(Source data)
==*==
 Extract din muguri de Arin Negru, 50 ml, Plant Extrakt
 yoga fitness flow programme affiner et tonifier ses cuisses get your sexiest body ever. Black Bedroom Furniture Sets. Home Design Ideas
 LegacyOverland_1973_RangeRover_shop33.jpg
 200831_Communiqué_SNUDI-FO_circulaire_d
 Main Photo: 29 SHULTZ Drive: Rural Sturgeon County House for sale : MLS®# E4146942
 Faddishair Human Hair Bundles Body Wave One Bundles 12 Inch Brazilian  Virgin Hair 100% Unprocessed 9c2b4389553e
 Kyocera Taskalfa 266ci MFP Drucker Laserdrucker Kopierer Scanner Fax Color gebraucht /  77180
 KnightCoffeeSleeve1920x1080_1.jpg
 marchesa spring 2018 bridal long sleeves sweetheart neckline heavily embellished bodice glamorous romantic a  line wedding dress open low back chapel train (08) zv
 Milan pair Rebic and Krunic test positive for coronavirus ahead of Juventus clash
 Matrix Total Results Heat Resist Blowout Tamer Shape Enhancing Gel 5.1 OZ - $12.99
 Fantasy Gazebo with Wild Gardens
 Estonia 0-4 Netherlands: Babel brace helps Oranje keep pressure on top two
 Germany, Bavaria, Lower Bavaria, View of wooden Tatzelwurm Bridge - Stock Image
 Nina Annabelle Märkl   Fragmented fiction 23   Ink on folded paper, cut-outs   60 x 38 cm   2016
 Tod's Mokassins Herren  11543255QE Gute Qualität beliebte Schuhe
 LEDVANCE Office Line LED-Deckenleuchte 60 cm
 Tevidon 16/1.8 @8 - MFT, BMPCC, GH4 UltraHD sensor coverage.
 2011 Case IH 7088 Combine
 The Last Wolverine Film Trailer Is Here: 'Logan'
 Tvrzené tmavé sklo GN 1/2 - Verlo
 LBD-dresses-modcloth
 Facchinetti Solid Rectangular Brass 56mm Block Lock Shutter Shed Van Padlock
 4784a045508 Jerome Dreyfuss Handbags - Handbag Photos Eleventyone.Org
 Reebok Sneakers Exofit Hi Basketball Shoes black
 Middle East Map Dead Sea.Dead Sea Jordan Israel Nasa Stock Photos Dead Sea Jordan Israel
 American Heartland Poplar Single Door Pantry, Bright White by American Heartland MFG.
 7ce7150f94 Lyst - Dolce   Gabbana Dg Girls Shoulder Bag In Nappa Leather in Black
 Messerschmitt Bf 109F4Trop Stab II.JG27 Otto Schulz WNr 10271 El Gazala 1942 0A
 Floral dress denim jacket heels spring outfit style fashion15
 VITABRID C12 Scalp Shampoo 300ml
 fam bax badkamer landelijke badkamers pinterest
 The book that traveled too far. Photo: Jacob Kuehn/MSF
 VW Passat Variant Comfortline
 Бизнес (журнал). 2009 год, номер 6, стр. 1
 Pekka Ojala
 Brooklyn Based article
==*==
### Exercise aim
Give back, verbatim, the lines from the top of the entries above through the line containing "LegacyOverland_1973_RangeRover_shop33.jpg".

### Task answer
 Extract din muguri de Arin Negru, 50 ml, Plant Extrakt
 yoga fitness flow programme affiner et tonifier ses cuisses get your sexiest body ever. Black Bedroom Furniture Sets. Home Design Ideas
 LegacyOverland_1973_RangeRover_shop33.jpg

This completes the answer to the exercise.